Essa publicação faz parte da coleção Revista Brasileira
Editorial
Rosiska Darcy de Oliveira
Ocupante da Cadeira 10 na Academia Brasileira de Letras.
Quando o chão nos foge debaixo dos pés, a pergunta recorrente é: que mundo é este? A perplexidade gira em todas as cabeças.
A resposta não se sabe, mas deveríamos esperar algo surpreendente e desconcertante. Afinal, nenhuma outra geração viu a chegada de uma nova era, todos conectados, juntos e sozinhos, cada um assistindo na sua tela um mundo em comum. Cada um na sua, diz o vulgo, sem saber que anuncia a epidemia de solidão e ansiedade que relata Joel Birman.

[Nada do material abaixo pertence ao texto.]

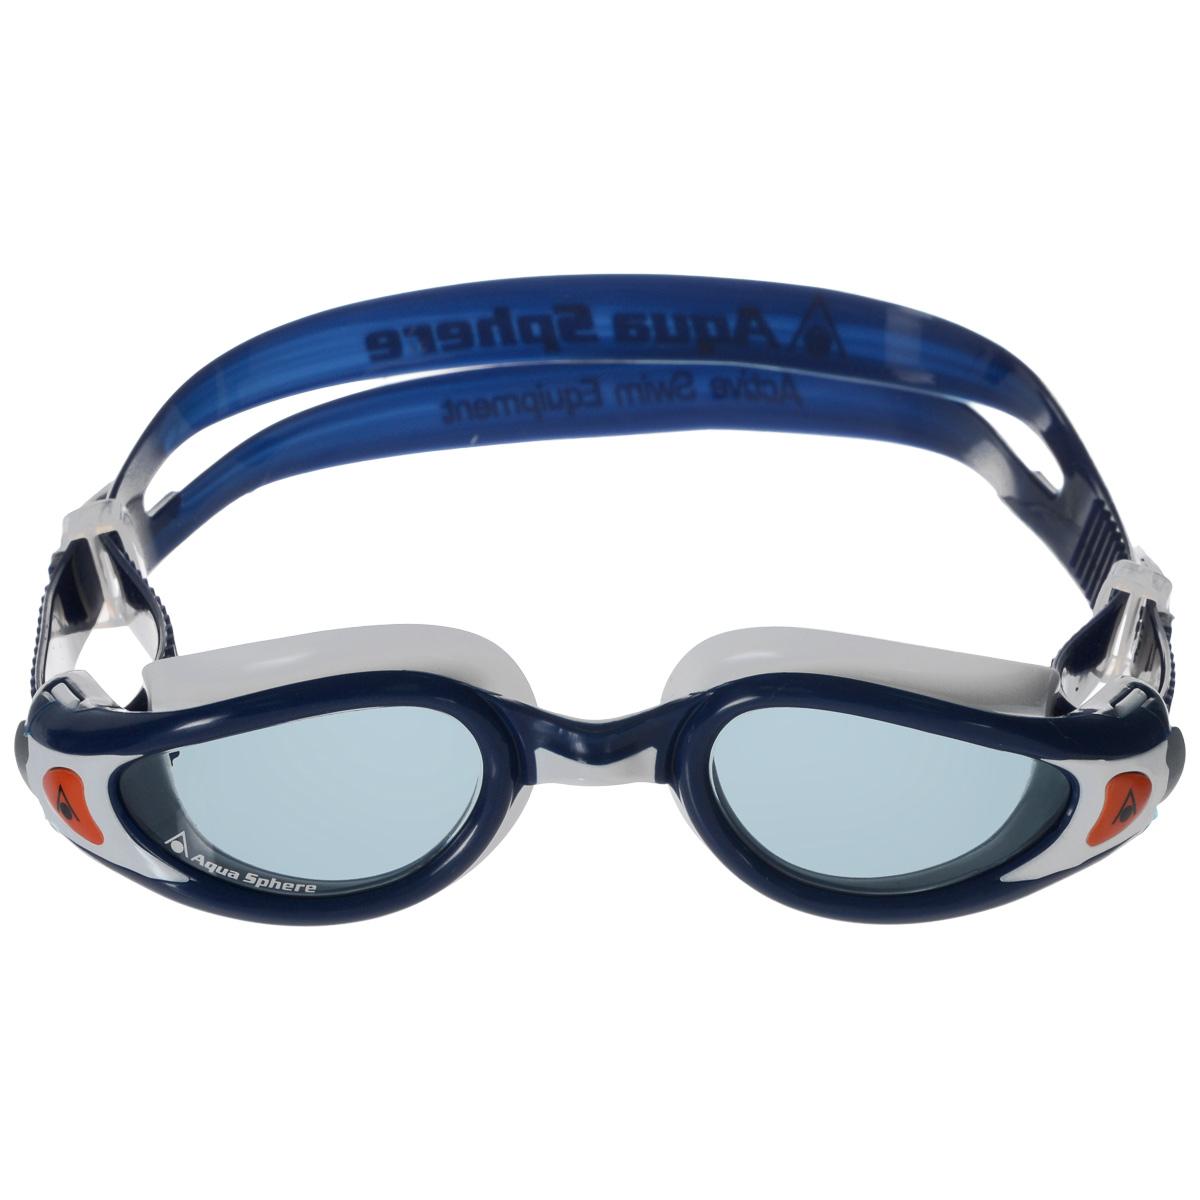 Очки для плавания Aqua Sphere Kaiman Exo Junior, цвет: белый, синий цена

Uso generalizado da Internet e celulares, máquinas cada vez mais sofisticadas que concorrem conosco na solução rápida de problemas trouxeram também uma temporalidade inédita, acelerada, um ritmo em que tudo se passa ao mesmo tempo e as nossas exíguas vinte e quatro horas transbordam no amanhã. E não só isso. Convivendo com a Inteligência Artificial, grassa uma ignorância artificial, na expressão instigante de Eugênio Bucci. Maria Homem teme que nosso imaginário esteja sendo sequestrado.
Nesse mundo que nos assusta e seduz ao mesmo tempo ainda somos os mesmos que escrevemos romances, que compomos poesias e cantamos como Gilberto Gil, lutamos pela liberdade contra a censura, pensamos a ciência na moldura do humanismo de Margareth Dalcolmo e JJ Camargo.
E enquanto acompanhamos o ritmo do presente, cultivamos a memória, traçando o retrato de um Casal Amado por todo o Brasil, aclamado mundo afora.
Ele, Jorge, um “cavaleiro da esperança”. Ela, Zélia, “anarquista, graças a Deus”, vivendo um grande amor na casa do Rio Vermelho, uma vida aventurosa de prisões e exílios, regressos, filhos e netos, afetos, amigos no mundo inteiro, uma obra literária imortal como eles. Gringo Cardia fez dessa casa, que guarda um patrimônio do Brasil, um memorial do casal imortal.
Alice Raillard, jornalista francesa, tradutora de Jorge, morou com eles dois meses e Jorge contou a ela o nascimento de Dona Flor, Tieta e Gabriela, e outros tantos personagens que nos habitam, suas mulheres valentes e homens bonitos, mulheres bonitas e homens valentes. Além de sua própria história que é, talvez, seu melhor romance.
Zélia conta de si. E João Ubaldo com um testemunho em que se misturam o amigo e o crítico fecha o capítulo em grande estilo. Inauguramos nesse número um encarte para melhor abrigar tantas vidas e aventuras.
Quanto mais se impõe o eterno presente, mais é preciso celebrar a memória: na assinatura de Pedro Nava em uma toalha que a arte feminina do bordado preservou; nos discursos dos acadêmicos eleitos que relembram os antecessores, como faz Lilia Schwarcz em seu discurso de posse; na premiação da poesia de Adélia Prado, quase nonagenária enraizada em Divinópolis; na homenagem comovida ao grande artista pernambucanoJ. Borges que se foi, deixando uma obra colorida e sensual gravada no coração dos brasileiros.
Continuamos a bordar uma história da literatura. Carla Madeira revela o que sabe de si, a portas abertas e o coração também, diante de um público que vem aqui encontrar quem fez e faz a literatura brasileira.
Assim se resiste (reexiste, diria José Miguel Wisnik) na Academia Brasileira de Letras. Costurando com o fio civilizatório da Cultura tempos que se desentendem.
O mundo que está aí e que nos interroga – que mundo é este? – é preciso não só vivê-lo, como quem aprende uma nova língua, mas também responder às perguntas que ele suscita. Com o esforço do entendimento e a liberdade da crítica.